Introduction

Nearly half of all HIV-infected people living worldwide are women and most of them are in the reproductive phase of life (UNAIDS Report 2009) [1]. Despite their chronic disease, these women wish to have children as much as the general population [2, 3]. In developed countries, highly active antiretroviral therapy (HAART) has enabled HIV-infected people to live with an asymptomatic, chronic infection and achieve a good life quality and expectancy. However, several specific questions arise when HIV-positive women plan to conceive. Most importantly, unprotected intercourse bears the risk of horizontal transmission of HIV in serodiscordant couples. Also, HIV-infected women fear transmitting HIV to their baby during pregnancy or birth, as well as harm the fetus by taking antiretroviral medication. Mother-to-child transmission (MTCT) of HIV can be reduced with adequate measures to very low levels (<1%) [4]. Nevertheless, even if recent data from the Antiretroviral Pregnancy Registry [5] show no increase in birth defects when compared to the general population, it is still possible that exposure to ART has an impact on the future life of the offspring and may, for example, be carcinogenic. Reduced fertility related to chronic HIV infection [6, 7] might also be a problem. Even though there is a growing acceptance of the right of HIV-affected couples to have children, some problems remain. In Germany, most fertility centers do not offer treatment to HIV-infected women, mainly because of concerns about ethical and legal issues, safety of procedures and HIV exposure of health-care employees. Most HIV-affected couples conceive without prior consultation at a specialized center or with an HIV-experienced gynecologist [3]. Unprotected intercourse with the aim of becoming pregnant is practiced even more frequently by those women taking HAART, who ideally achieve full suppression of their viral load [8]. In our study, we sought to determine the issues HIV-infected women are confronted with when they plan to get pregnant, the content of preconception consultations, possible medical interventions and their outcome.

Materials and methods

The patient records of HIV-1 infected women who attended our specialized outpatient center for gynecologic and obstetrical problems between the beginning of 2000 and the end of 2008 were evaluated retrospectively. All HIV-1 infected women who came for consultation because of their desire to have a child were included in this analysis. Patient history at our outpatient clinic was routinely taken using a standardized questionnaire. The following parameters were documented: country of origin, age, HIV status of the partner, as well as relevant data about the women’s HIV infection [CDC classification, AIDS-related diseases, date of diagnosis of HIV infection, most likely route of HIV infection, current CD4 count and viral load as well as antiretroviral therapy (ART)]. Regarding the wish for a child, we documented the duration of attempts to conceive, all methods the couples had previously tried, and prior pregnancies and their outcome.
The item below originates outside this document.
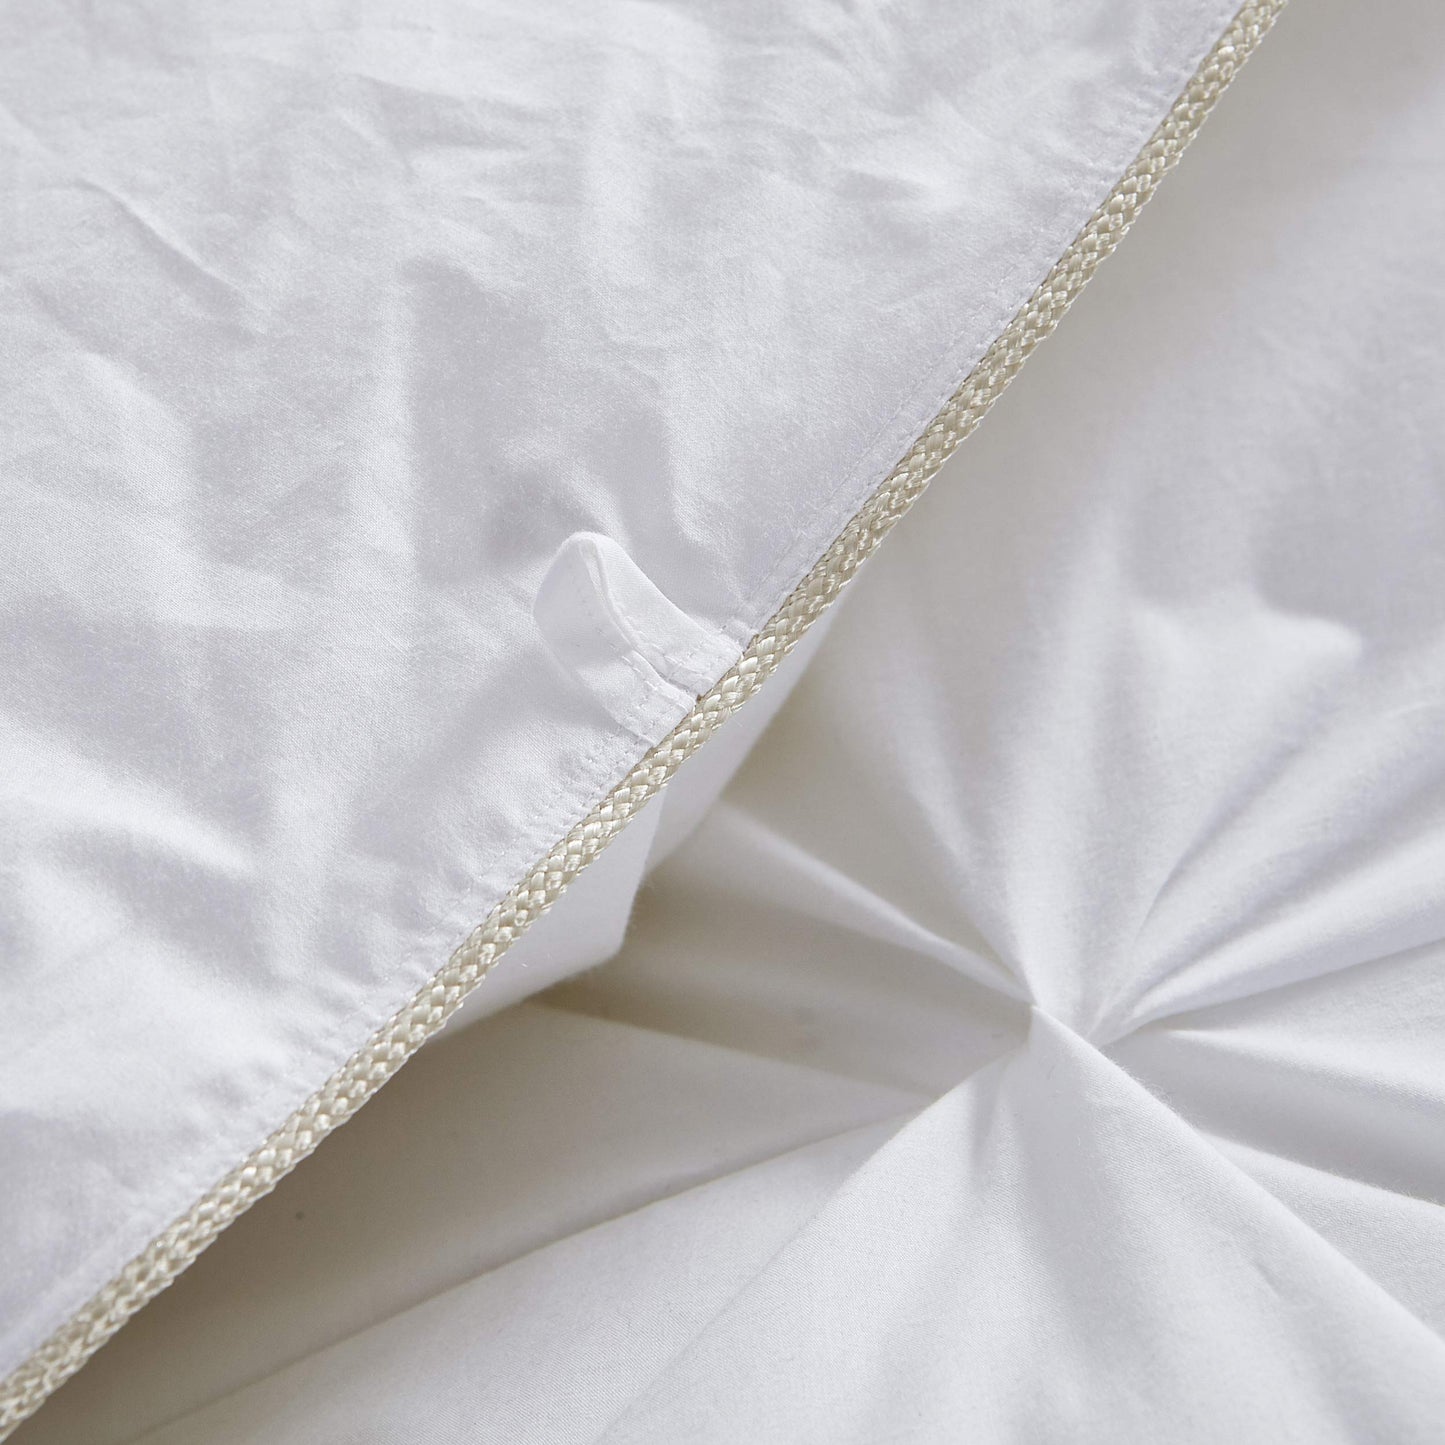 Luxurious All-Season Goose Down Feather Fiber Comforter Twin Size Duvet Insert, Exquisite Pinch Pleat Design, Premium Baffle Box, 100% Egyptian Cotton Cover, 50 oz. Fill Weight, White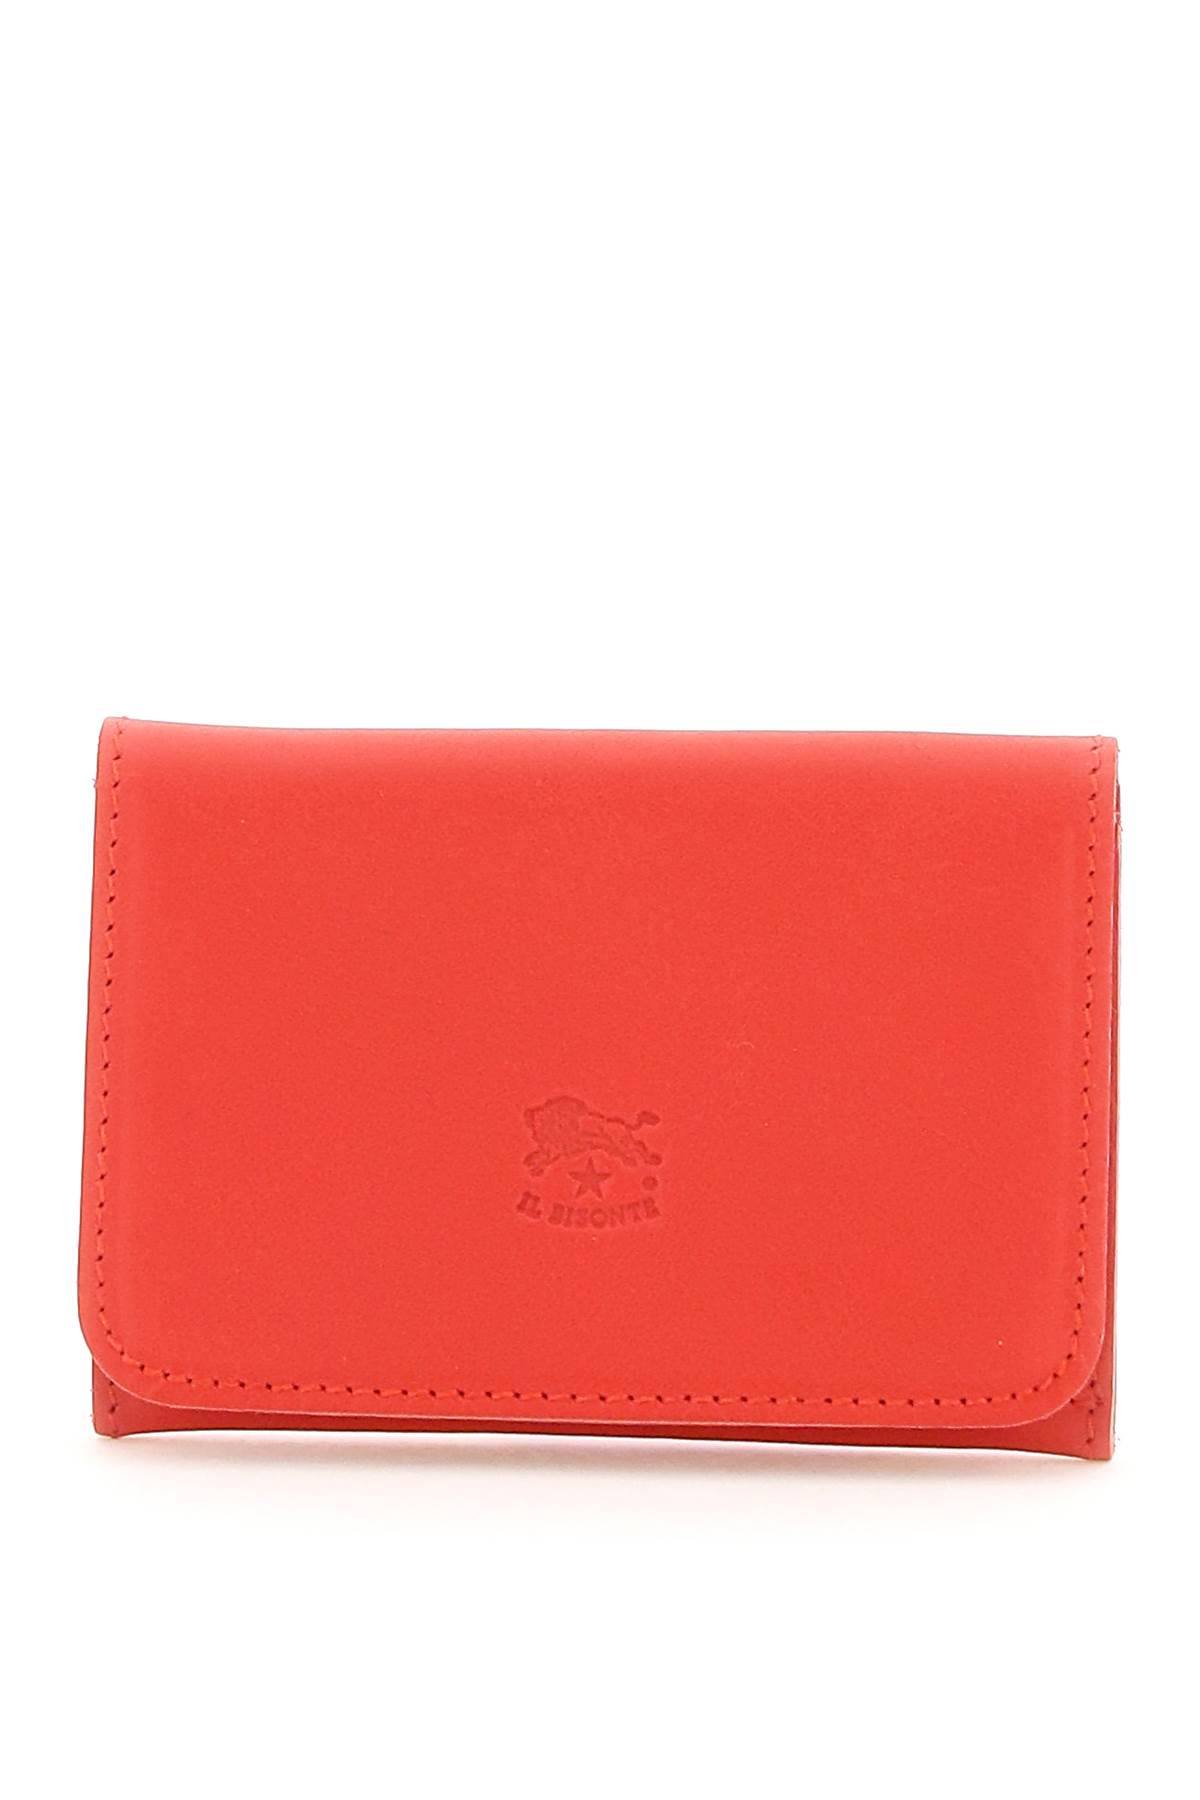 Il Bisonte Leather Cardholder In Castagno Rosa (red)

All medical interventions after the first consultation in our clinic (such as diagnostic tests, reproductive technologies), as well as all conceived pregnancies and their outcome, were evaluated. Recommendations were given depending on the individual situation of the couples (see flowchart in Fig. 1): Discordant and concordant couples with a normal or only a slight reduction of their fertility were advised to practice self-insemination (in case of discordance) or unprotected intercourse (in case of concordance). Timing of the conception period was optimized by using LH-ovulation tests. Since 2008 [9], discordant couples with a fully suppressed viral load of the HIV-infected women under HAART were informed about the possibility of unprotected intercourse at the time of ovulation with or without an antiretroviral pre-exposure prophylaxis of the HIV-uninfected partner. All couples with a significantly reduced fertility were referred to fertility treatment such as in vitro fertilization. All recommendations were made according to the current German–Austrian guidelines and former versions [10]. Descriptive analysis of the recorded data was performed to detect and address problems and needs of HIV-infected women who plan to get pregnant and to illustrate the outcome of our consultation.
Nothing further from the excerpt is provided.